■ TASK PROMPT
From top to bottom, write out the listing exactly and skip every picture.

■ SUPPLIED INFORMATION
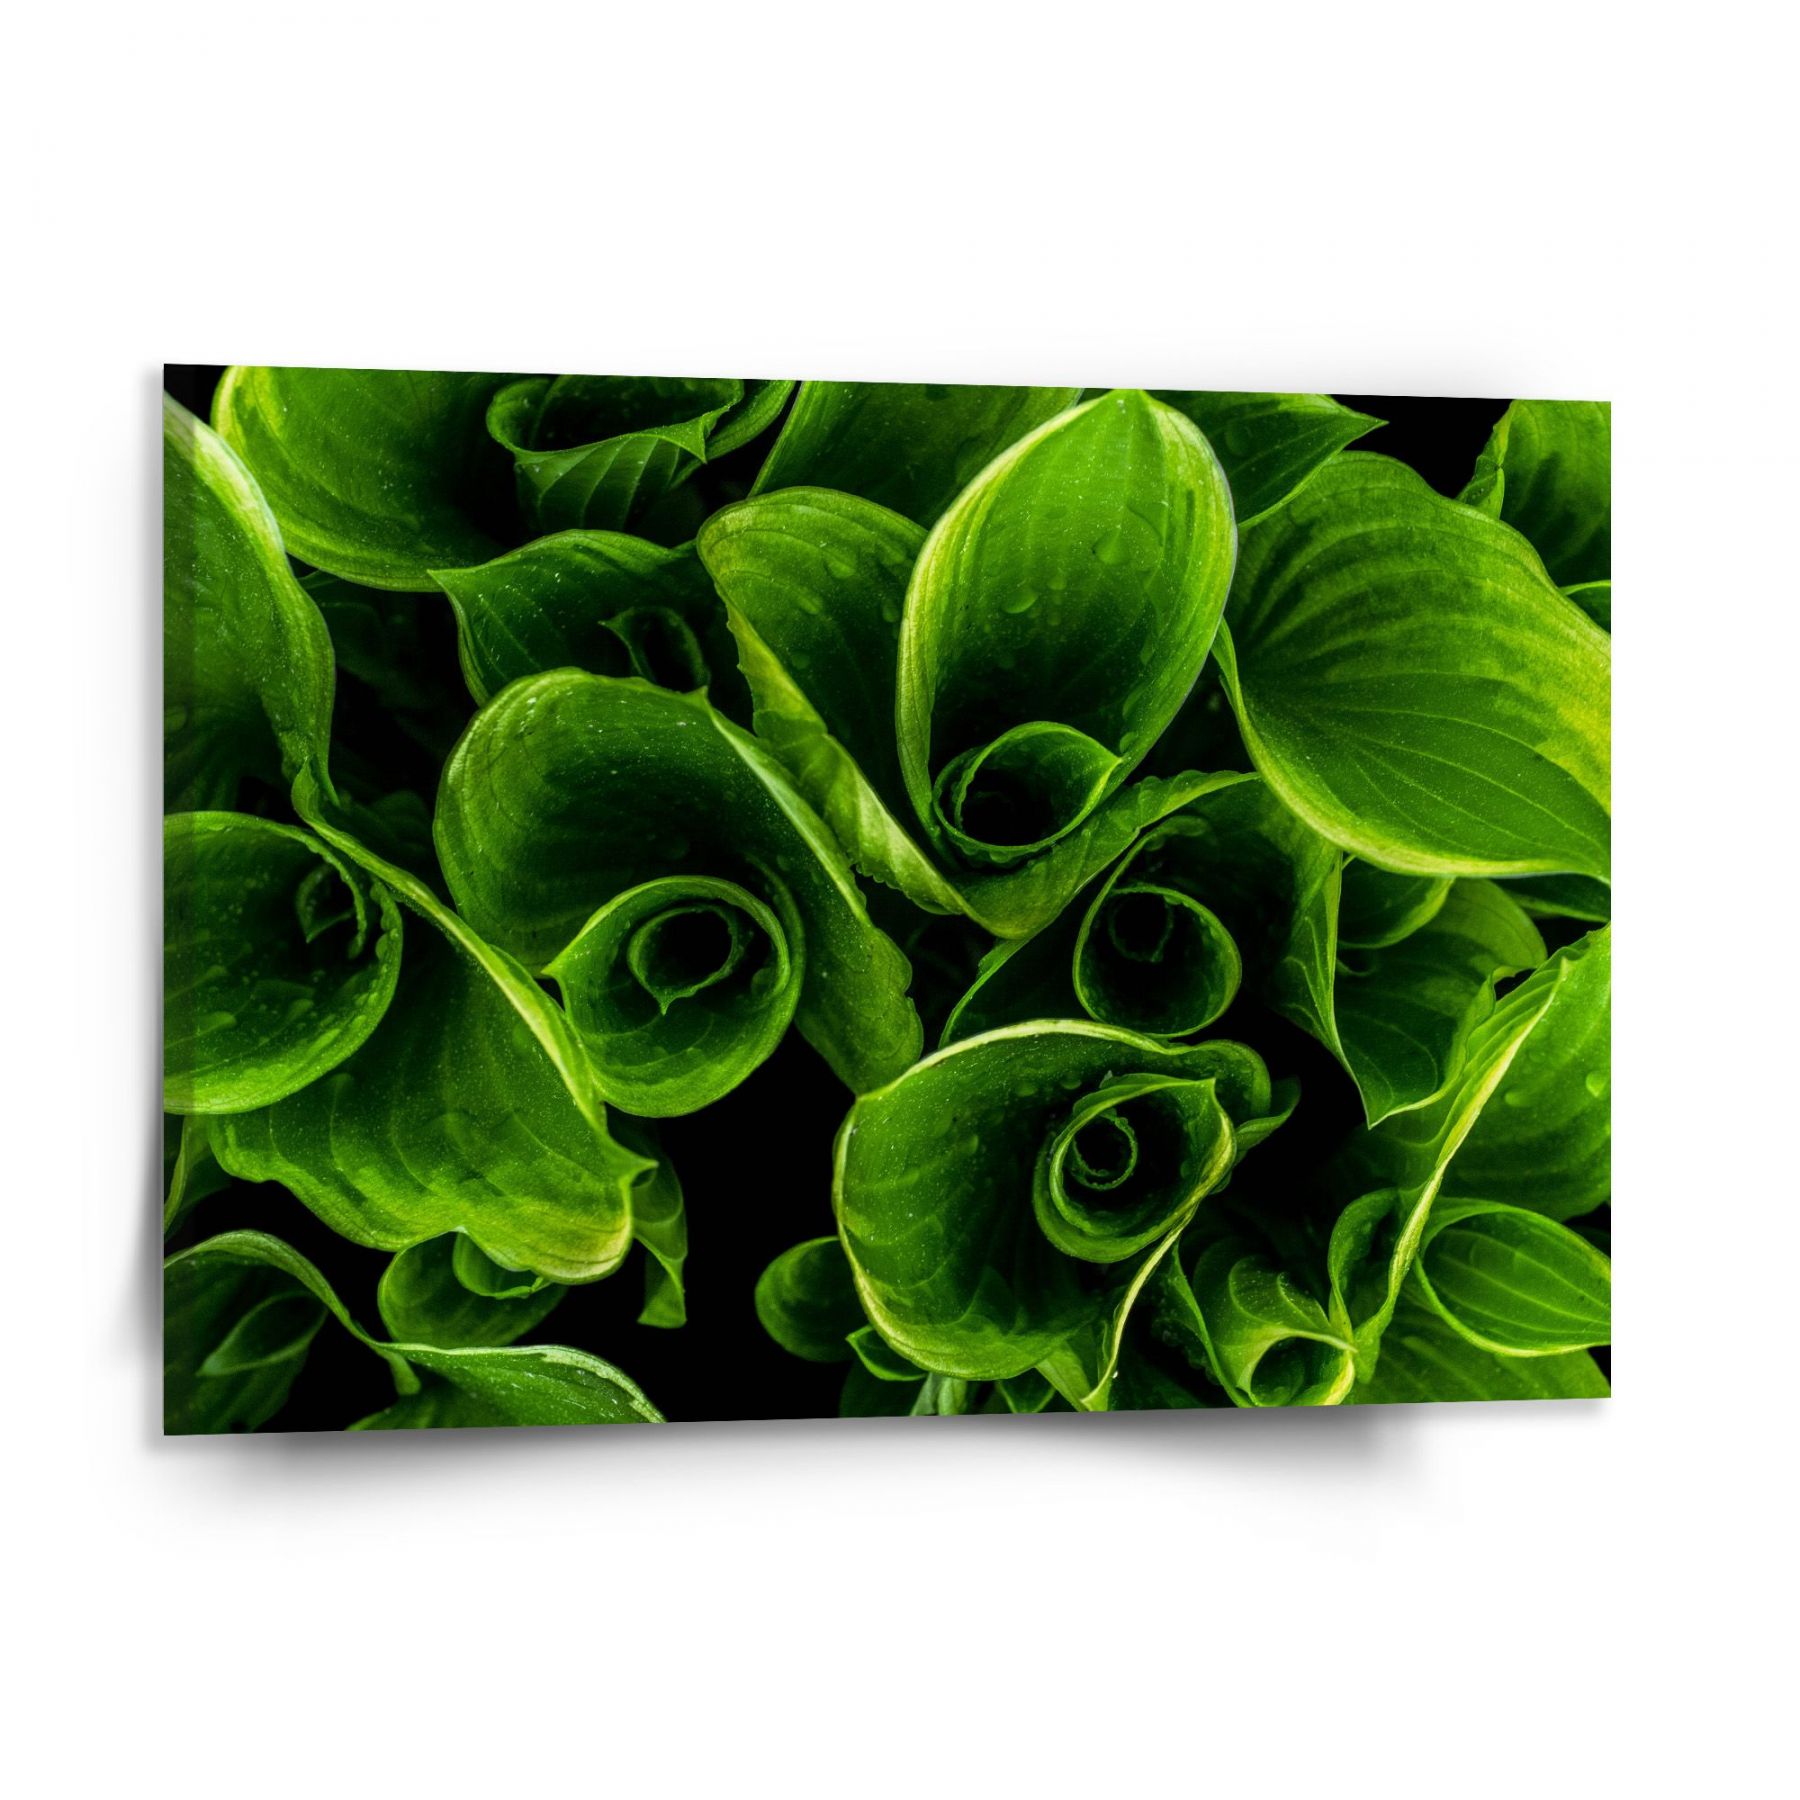 Obraz SABLIO - Zelené listy 150x110 cm - E-shop Sablo s.r.o.
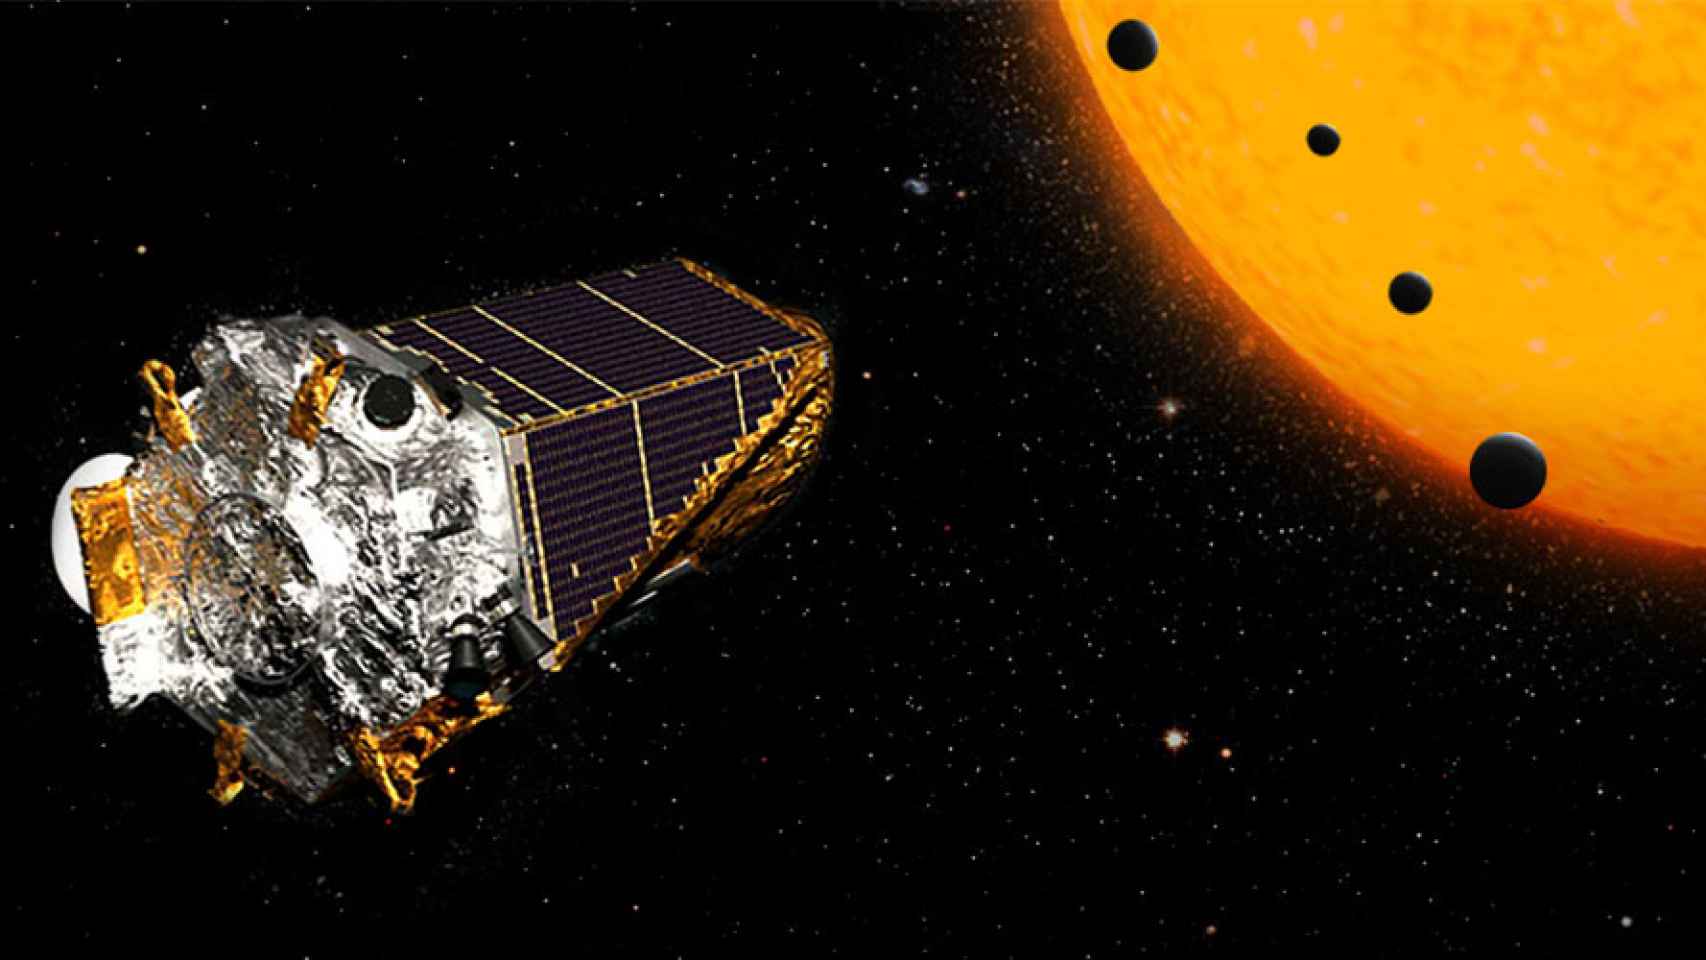 kepler telescopio espacial en busca de exoplanetas
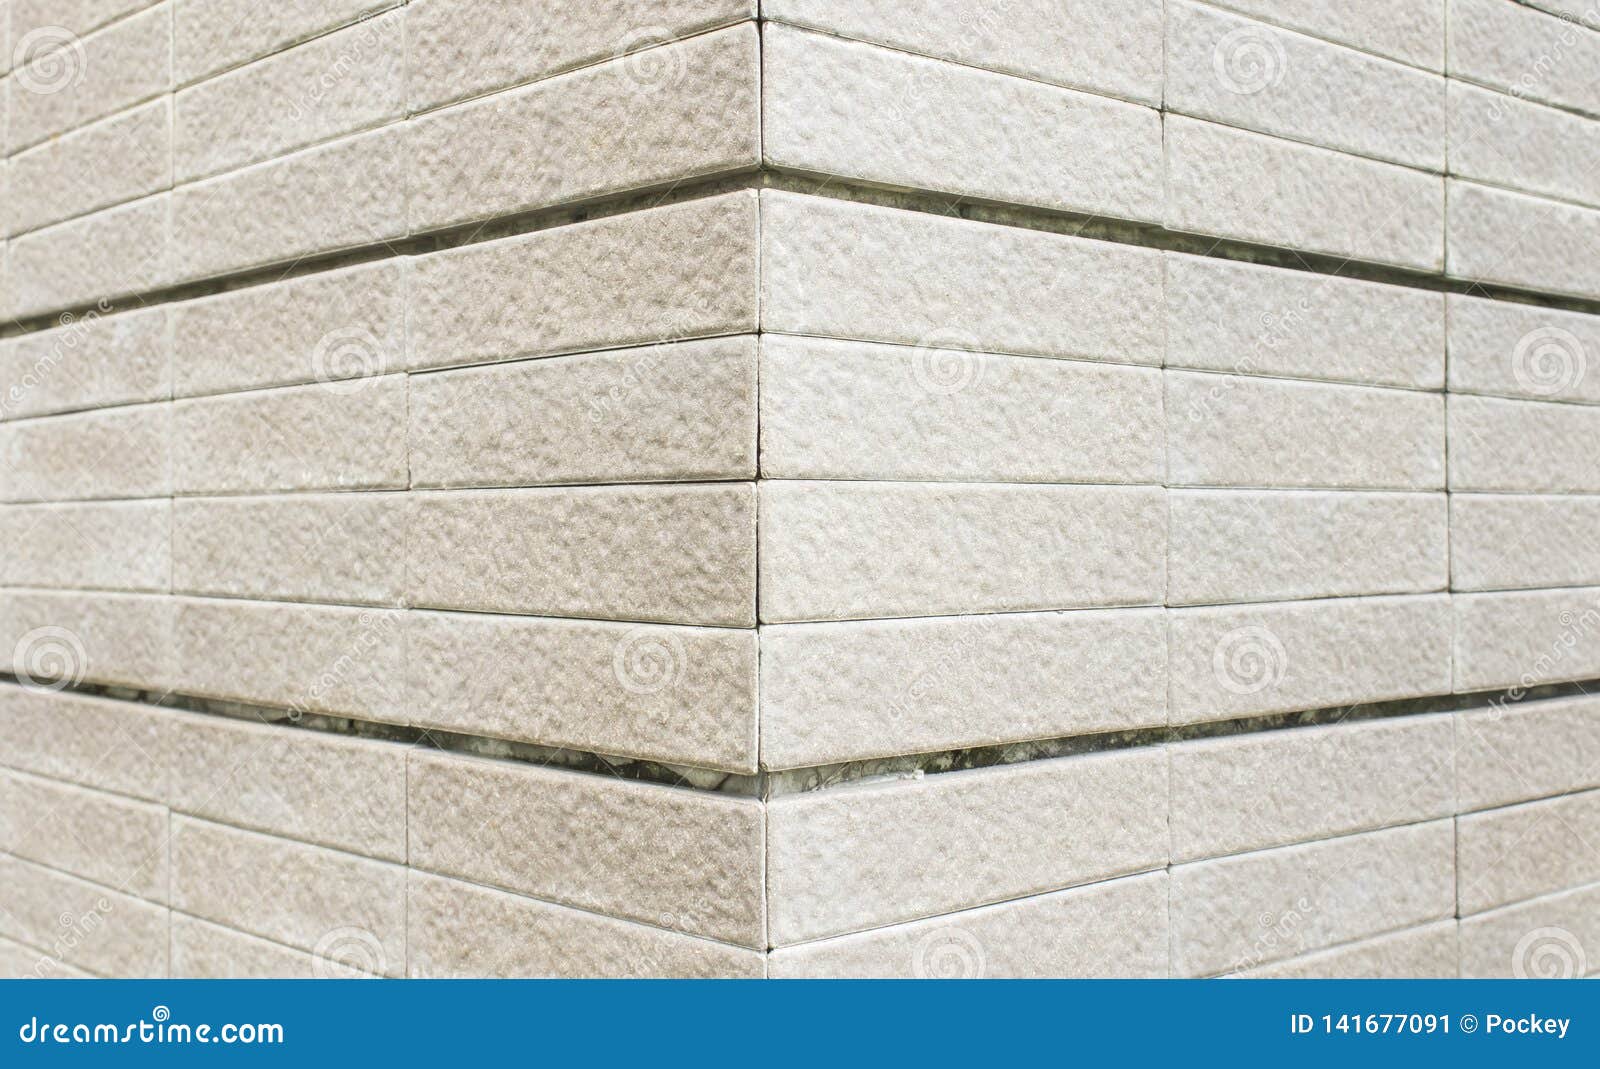 Closeup External Wall Tiles Texture Stock Image - Image of design ...

■ RESPONSE
 Obraz SABLIO - Zelené listy 150x110 cm - E-shop Sablo s.r.o.
 kepler telescopio espacial en busca de exoplanetas
 Closeup External Wall Tiles Texture Stock Image - Image of design ...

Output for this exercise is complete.